*** Opening of Source material ***

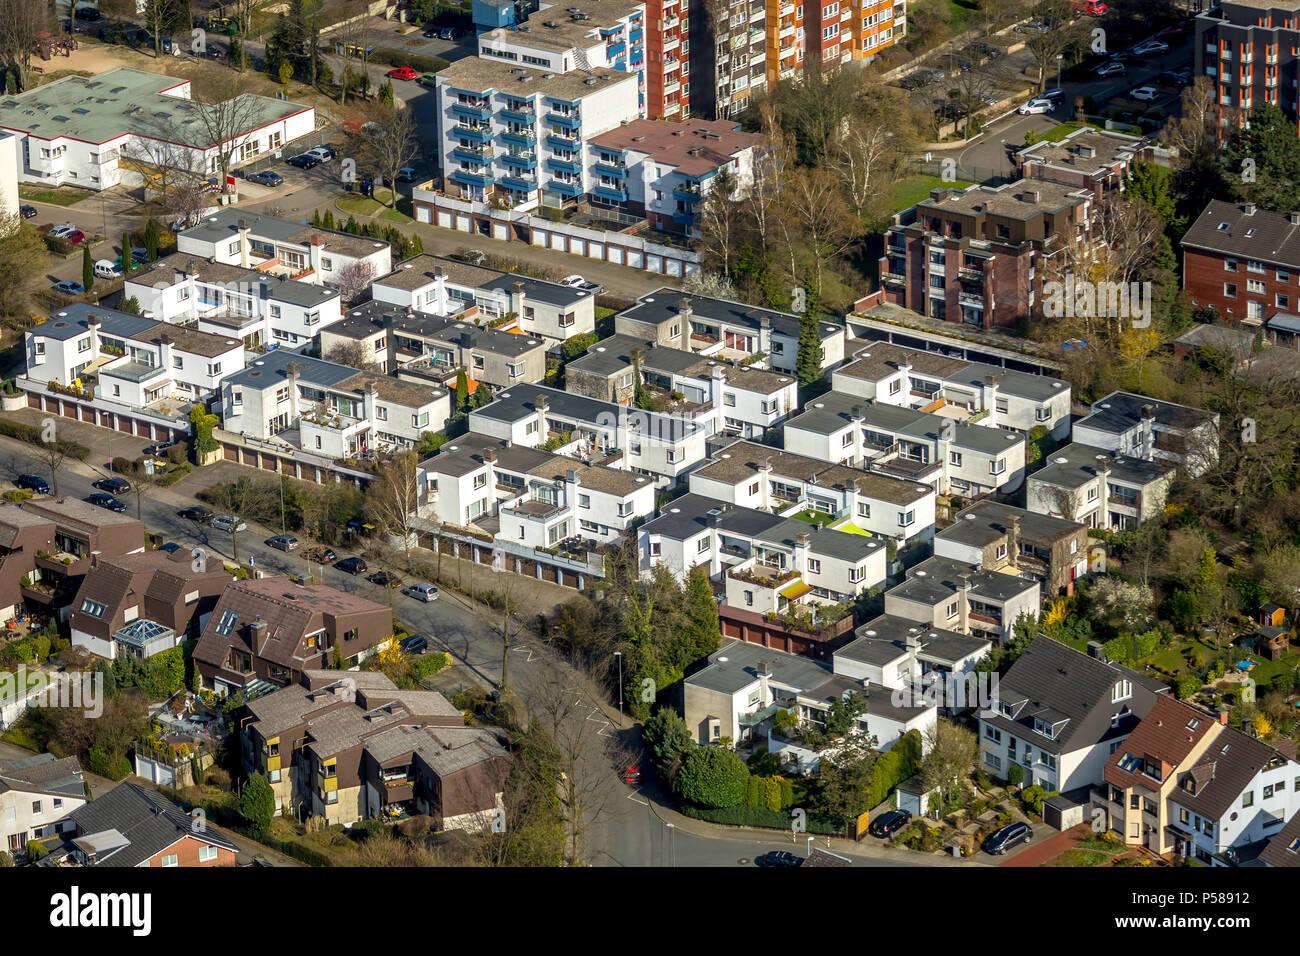 Bungalow settlement Bochum-Querenburg with roof terraces in Bochum in NRW. Bochum, Ruhr area, North Rhine-Westphalia, Germany, Bochum, DEU, Europe, ae - Stock Image
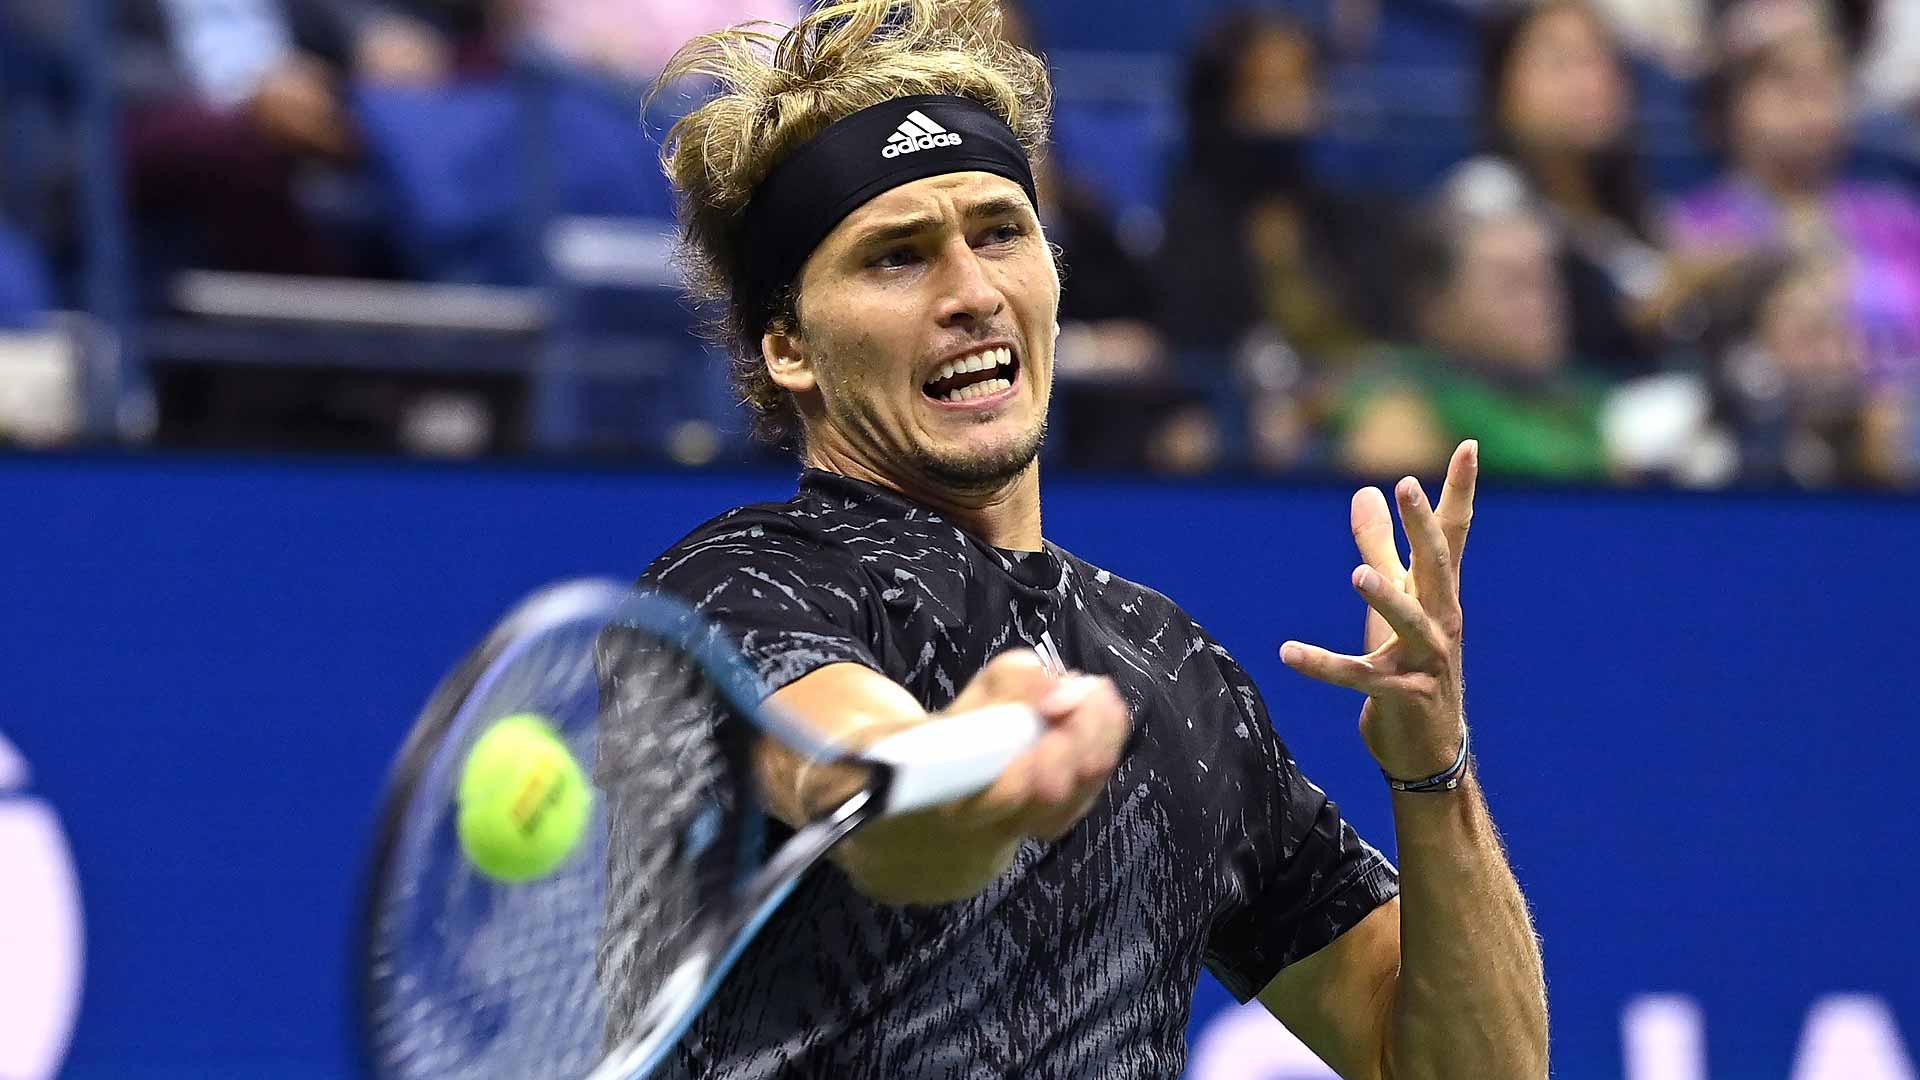 US Open 2021: Alexander Zverev vs. Jannik Sinner Tennis Pick and Prediction
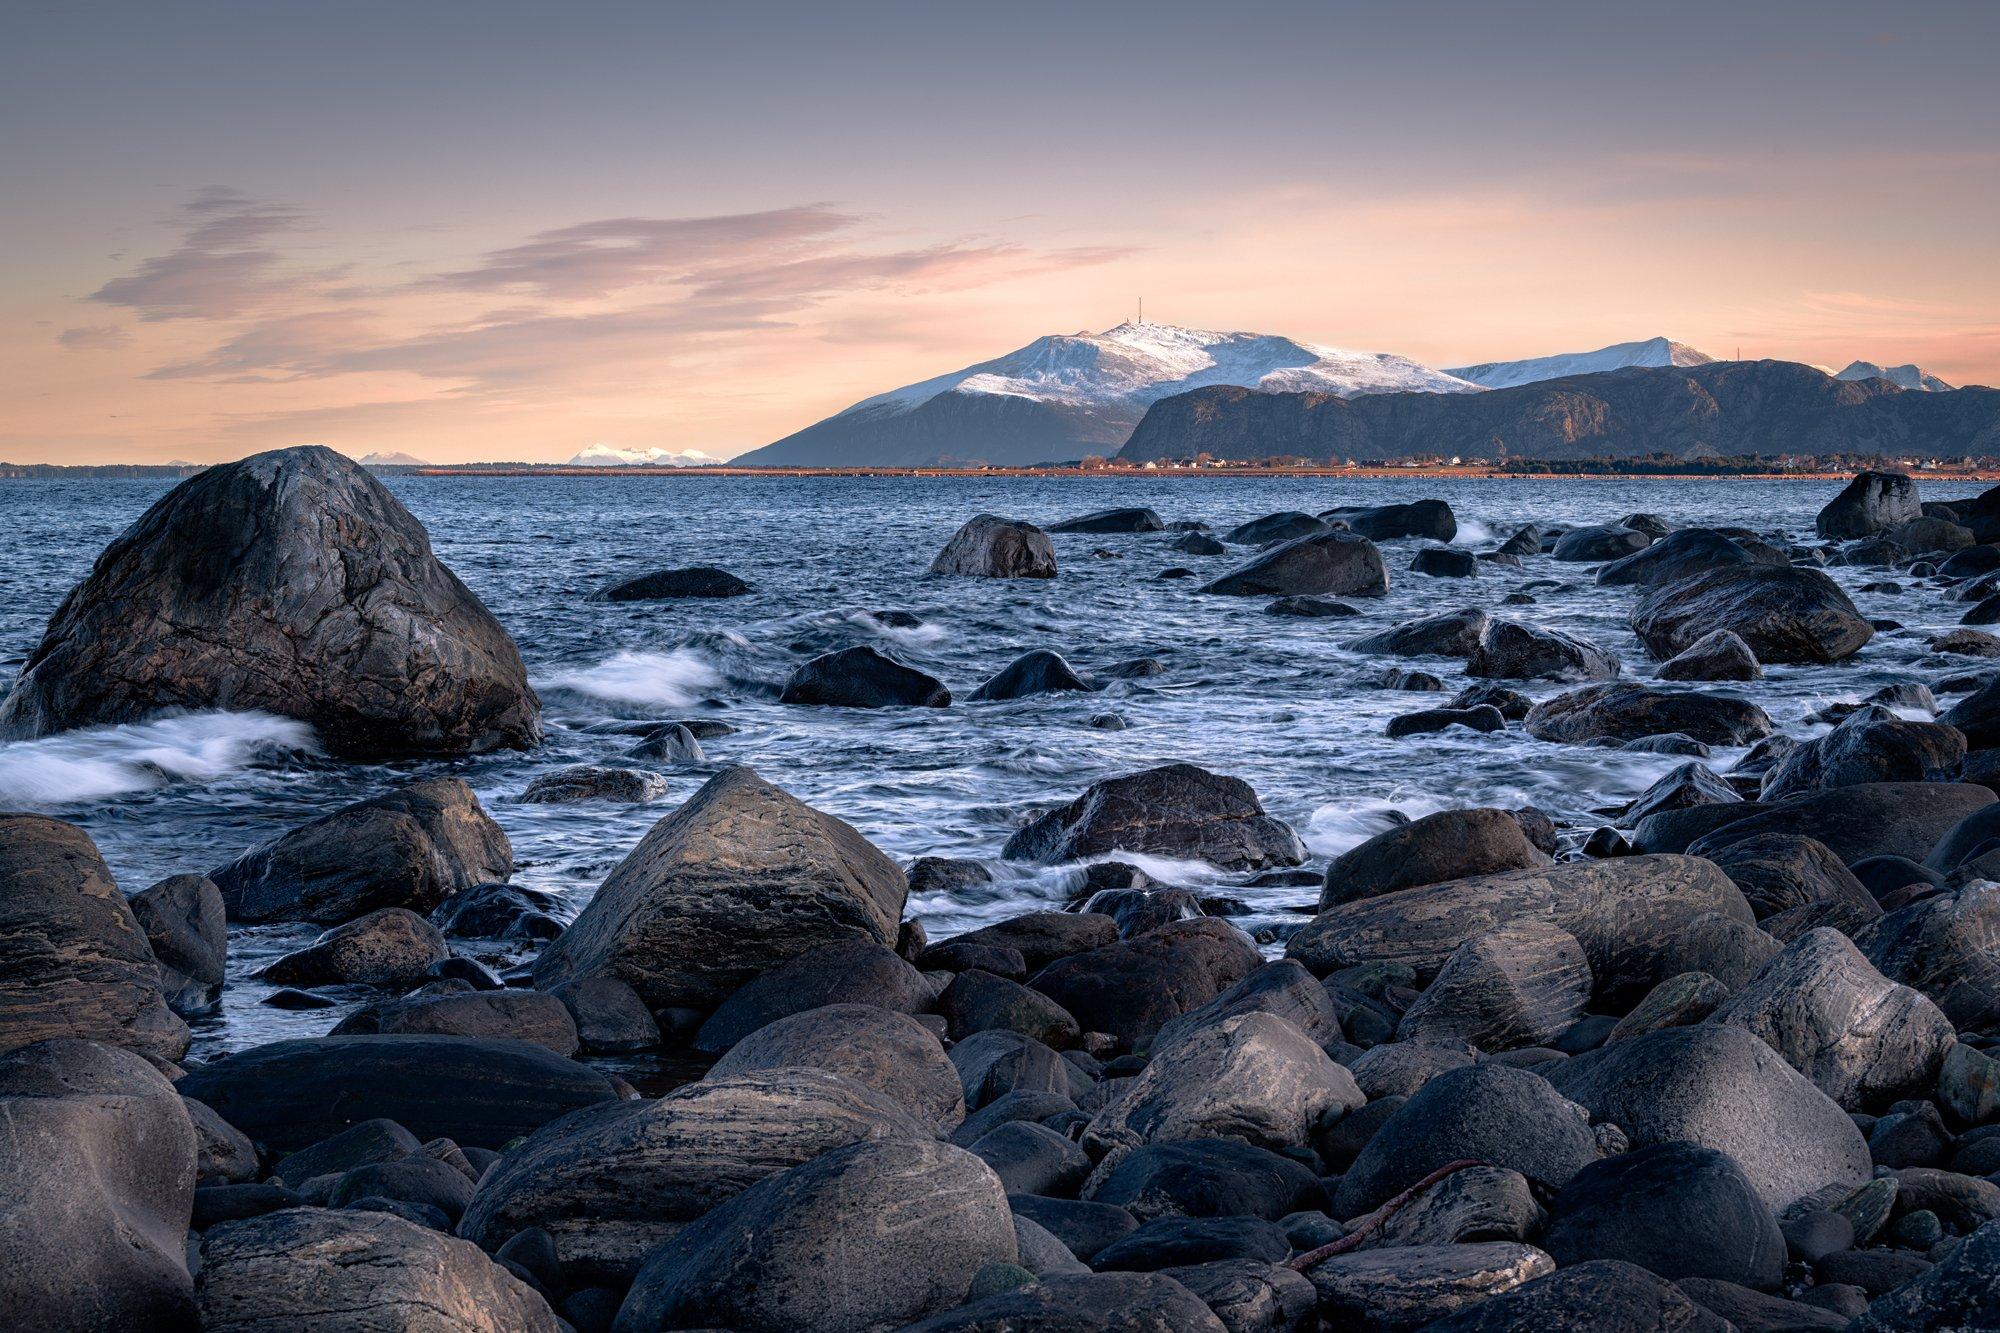 landscape, norway, fjord, nature, rocks, nikon, sea, mountain, water, sunset, colors, Imiełowski Grzegorz
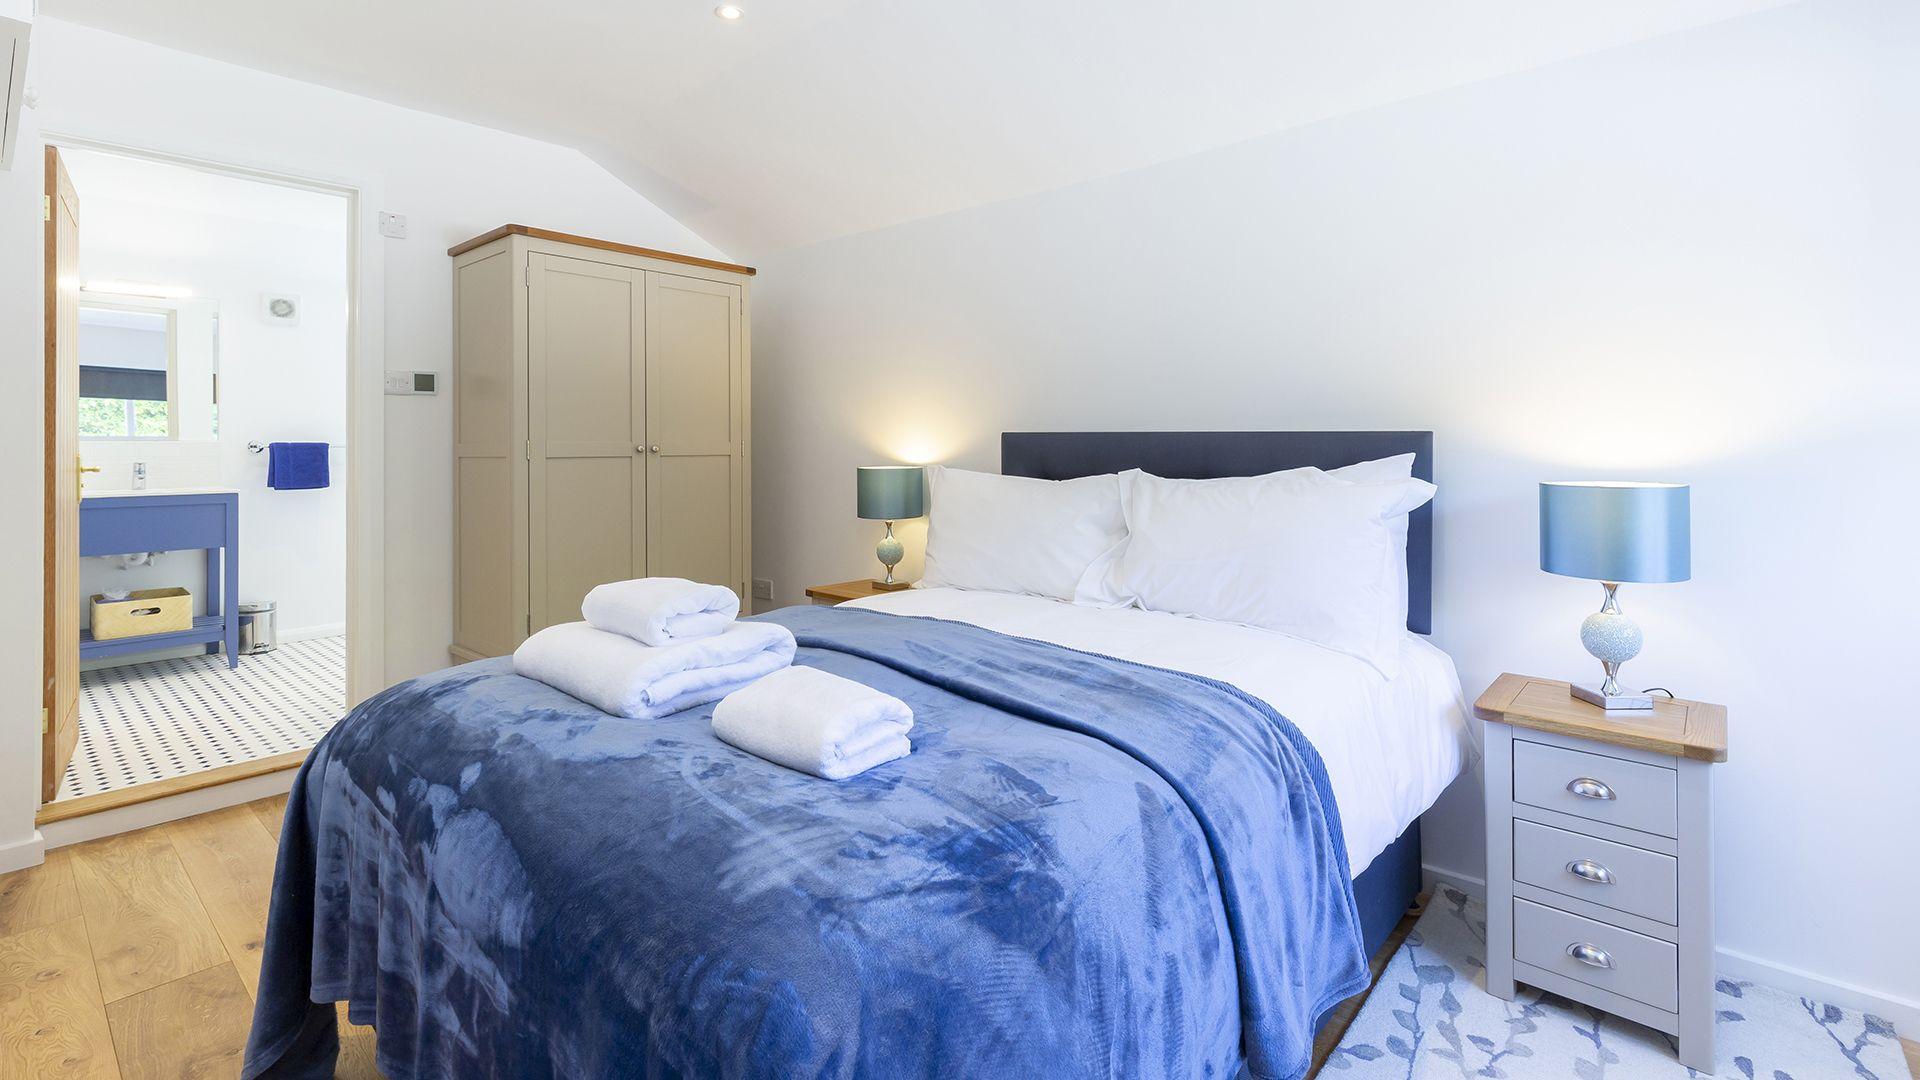 Bedroom 1 with en-suite, South Winds, Bolthole Retreats

*** Close of Source material ***

Task to complete ->
Restate word for word the lines from the one with "colors, Imiełowski Grzegorz" to the end of the material, both included. Do not include the pictures.

Answer box ->
 landscape, norway, fjord, nature, rocks, nikon, sea, mountain, water, sunset, colors, Imiełowski Grzegorz
 Bedroom 1 with en-suite, South Winds, Bolthole Retreats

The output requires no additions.